● **Work instructions**
Would you print out all of the data exactly and keep the pictures out of it?

++++ Given information ++++

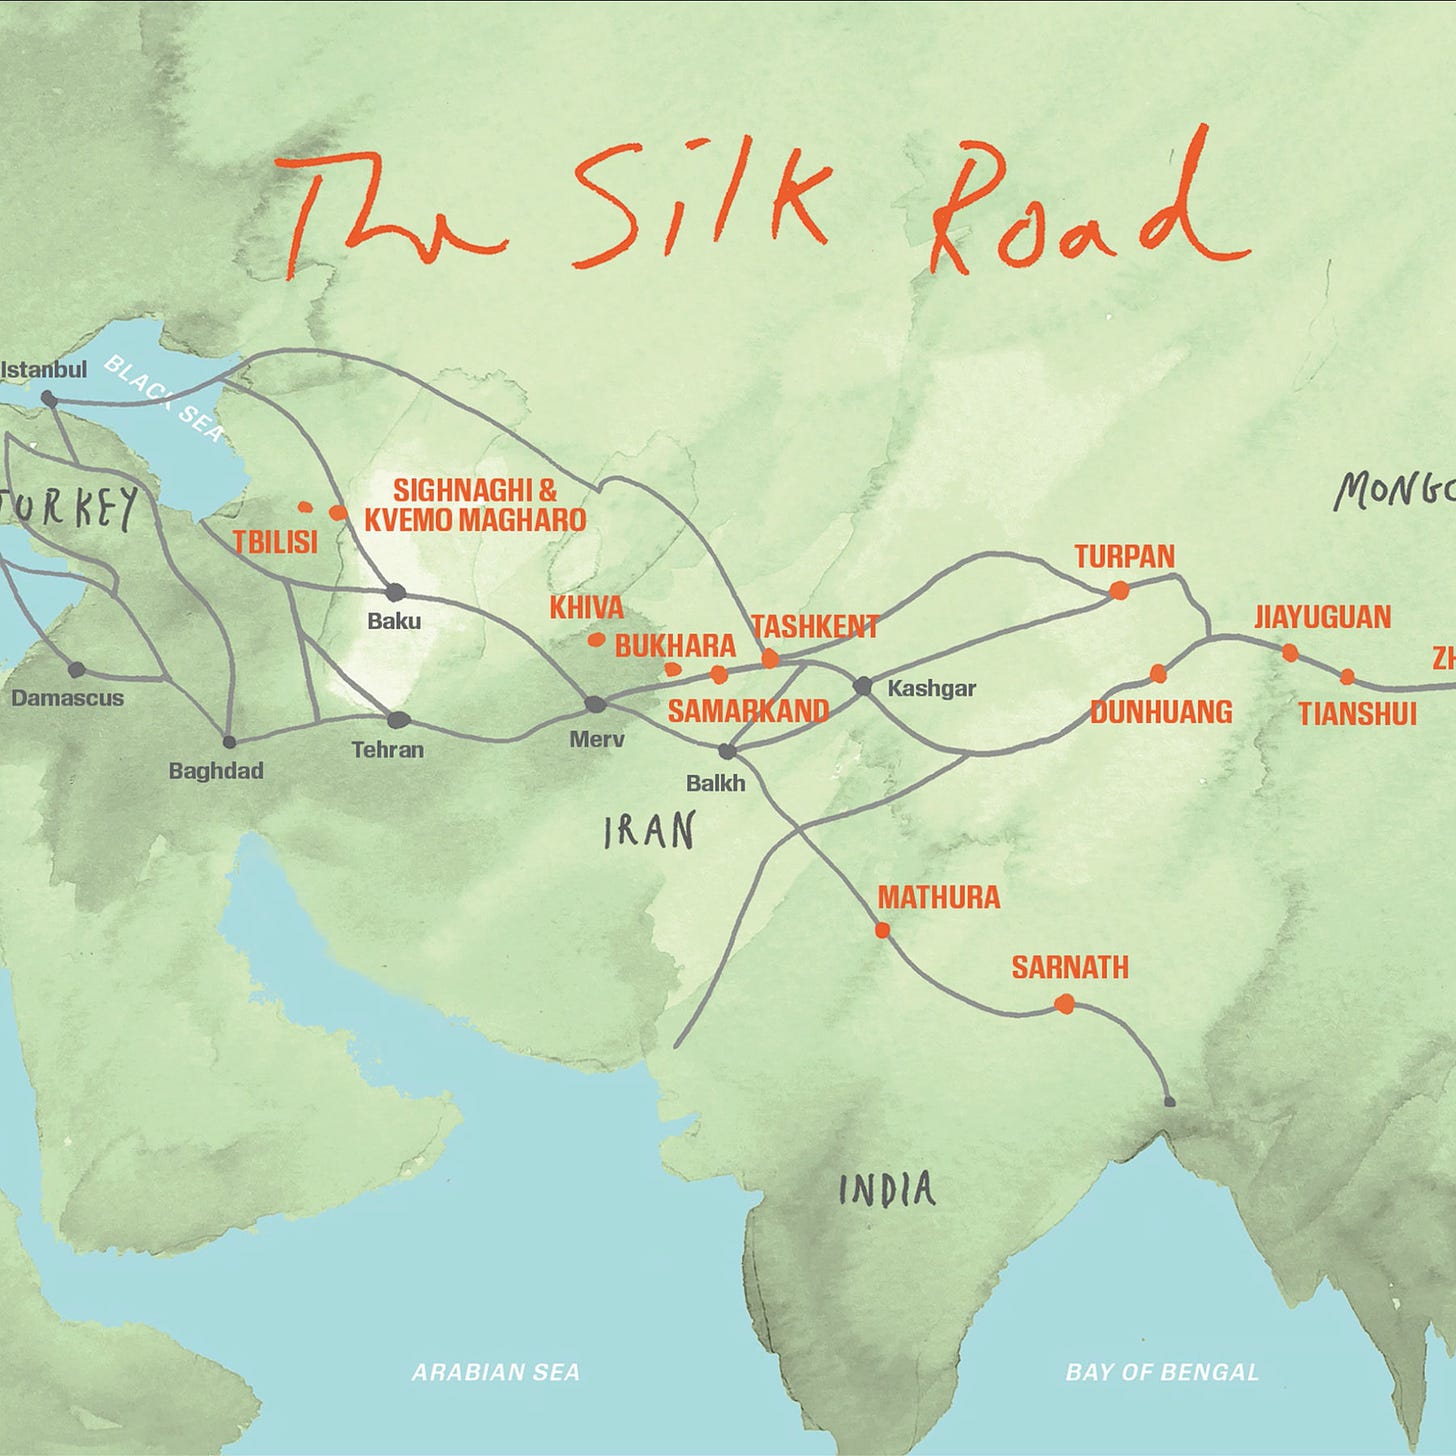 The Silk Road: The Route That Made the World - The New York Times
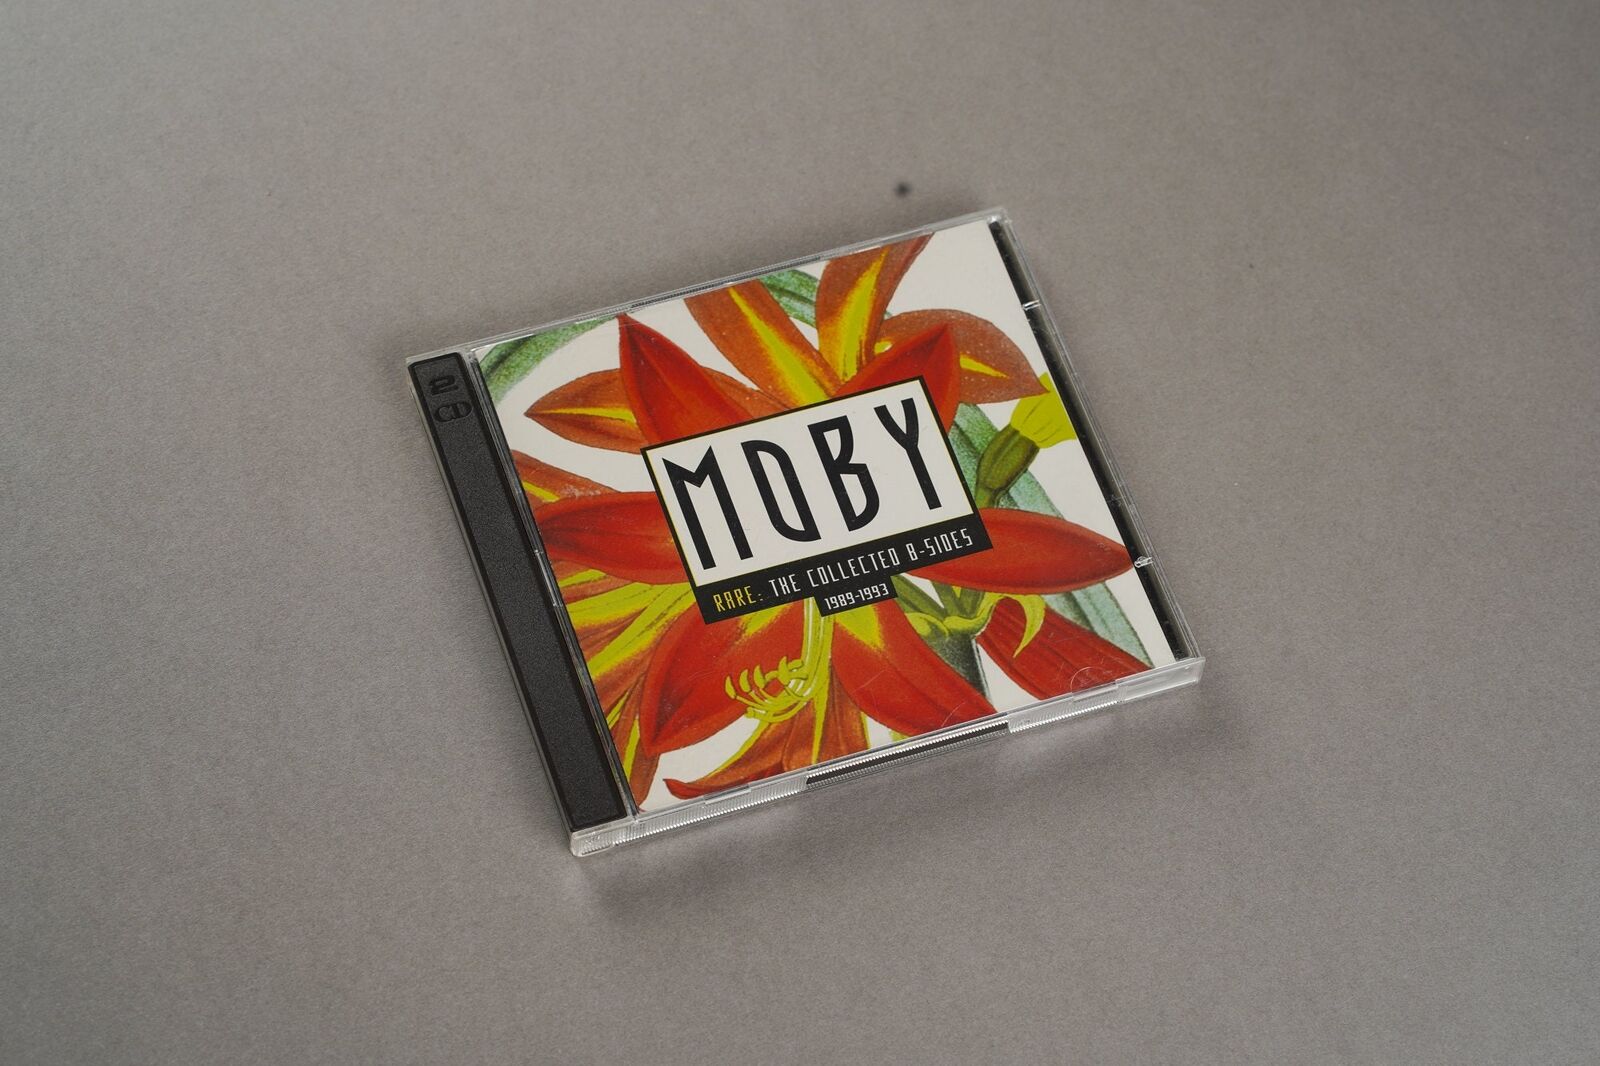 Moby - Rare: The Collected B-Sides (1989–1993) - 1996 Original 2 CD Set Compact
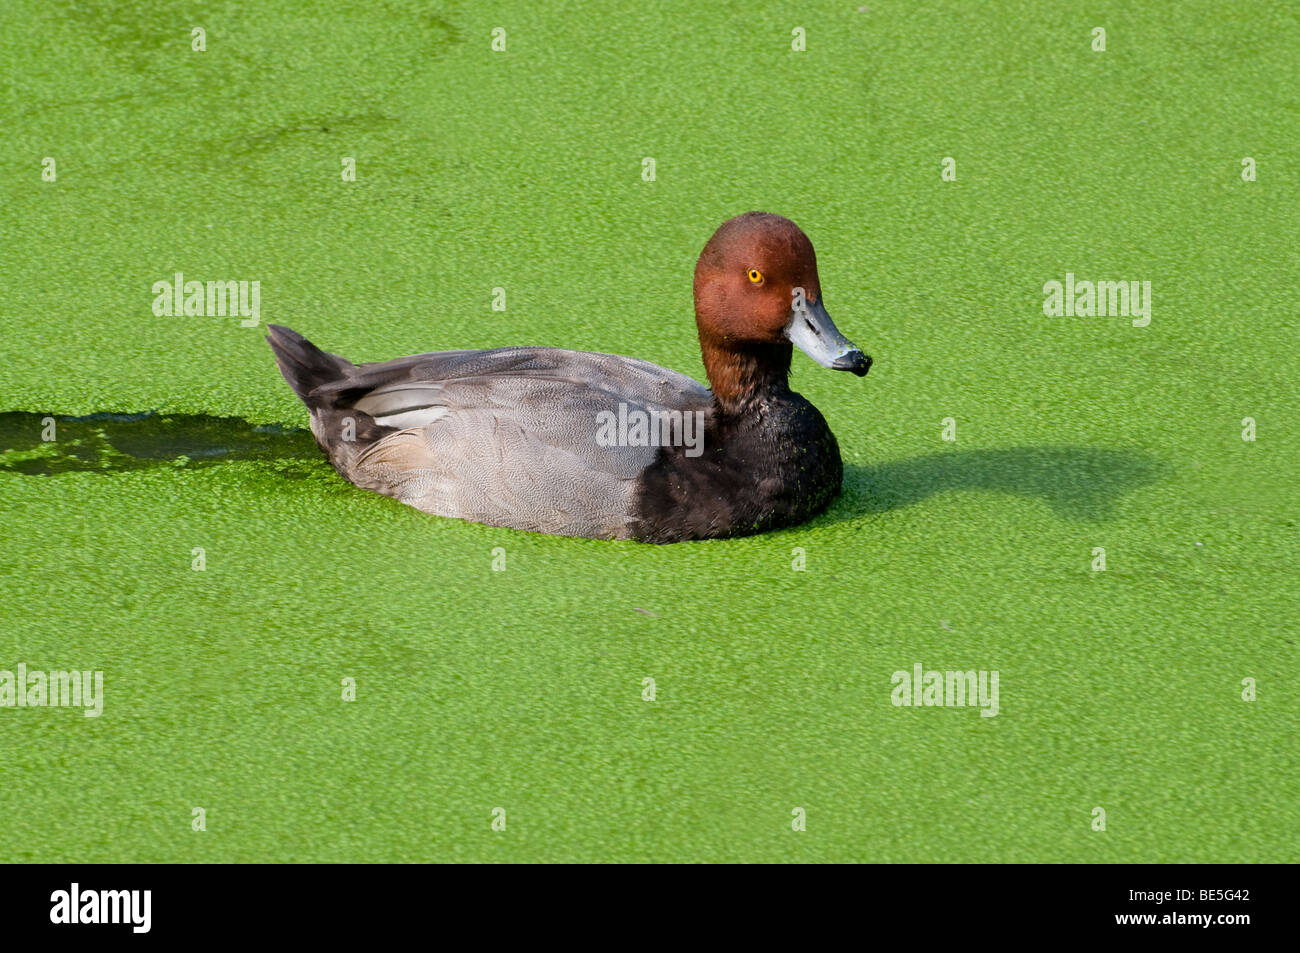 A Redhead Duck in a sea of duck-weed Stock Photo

++++

● **Response to the task**
 The Silk Road: The Route That Made the World - The New York Times
 Moby - Rare: The Collected B-Sides (1989–1993) - 1996 Original 2 CD Set Compact
 A Redhead Duck in a sea of duck-weed Stock Photo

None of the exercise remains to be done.